Почему вы решили создать инициативу по защите Ивановской горки?

Дмитрий: Ивановской горкой я занимаюсь давно, еще с того времени, когда мы защищали Хитровскую площадь: я помогал добиться того, чтобы Хитровская площадь вернулась на карту Москвы, а после занимался Морозовским садом — мы смогли вновь сделать этот сквер общедоступным.

На Ивановской горке я просто живу — всегда любил этот район и переехал сюда при первой возможности. Я очень люблю это место и защищаю его больше 15 лет.

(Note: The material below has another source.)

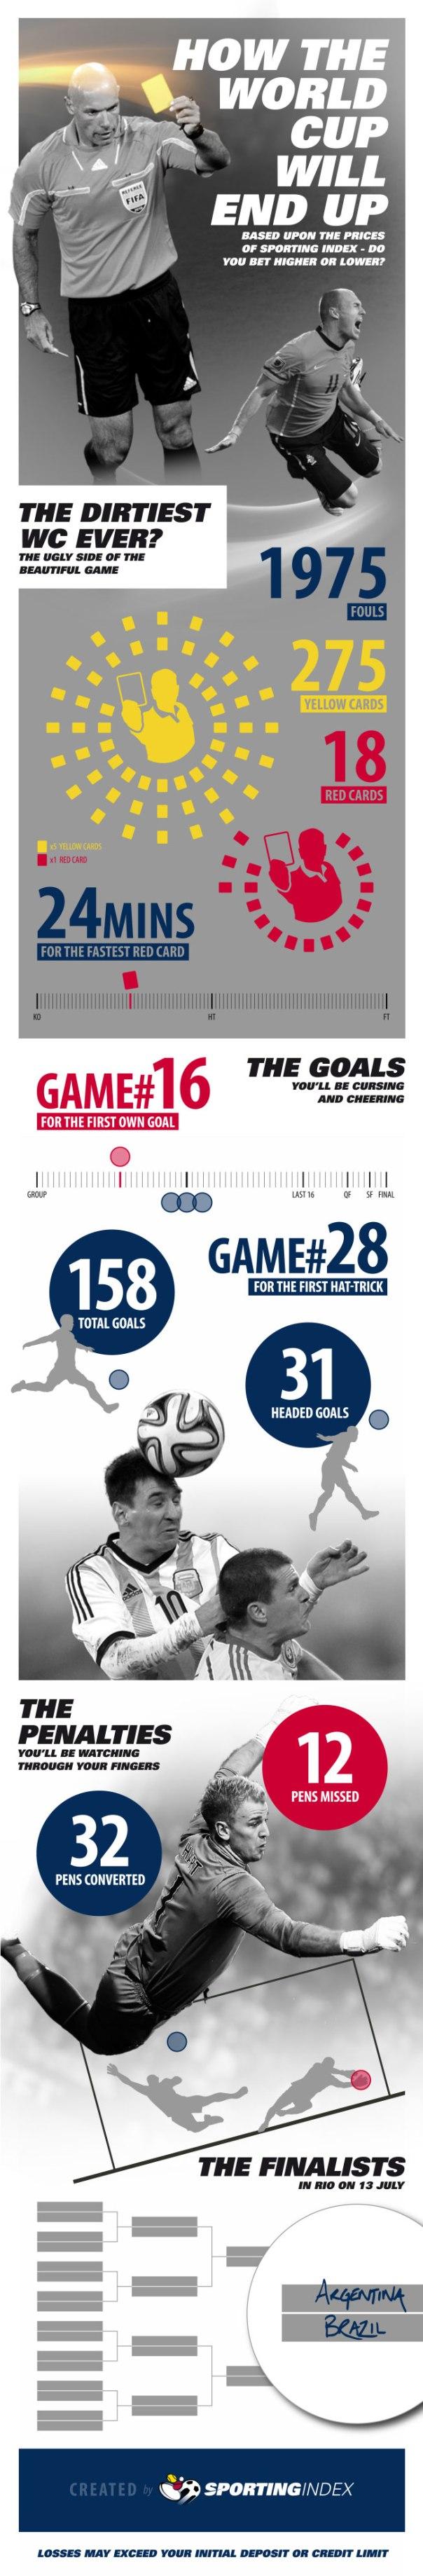 sportingindex_infographic_worldcuppredictor_2014

Наталья: В градозащитном московском движении я с 2009 года, а попала в него, потому что я историк и как профессионал понимаю ценность архитектурного наследия. 2009 год был моментом, когда разрушение исторического города приобрело такие масштабы, что не замечать этого было невозможно. Если непрофессионал тяжело вздыхает и идет дальше, то профессионалу больнее — он понимает, как архитектура обеспечивает самосознание народа, который живет на этой территории. Если ты живешь в пустыне среди голых камней, то тебе не c чем себя соотносить, а если ты узнаешь то, что вокруг тебя — это твоя родина.

К инициативе по защите Ивановской горки я присоединилась не только потому, что увидела там знакомых людей, но и потому, что понимала критическую значимость Ивановской горки для города. Это самый сохранный район исторической Москвы, он остался один такой. Последний. И я не могу равнодушно смотреть на его уничтожение. Для меня, коренной москвички, нормально видеть вокруг себя живой плотный исторический город. Это же вековые напластования человеческих жизней. Город формировался из поколения в поколение и сейчас передан тебе. Позволить уничтожить то, что тебе передали — предательство следующих поколений. Если ты взрослый человек, наделенный определенной долей социальной ответственности, ты не должен такого допускать.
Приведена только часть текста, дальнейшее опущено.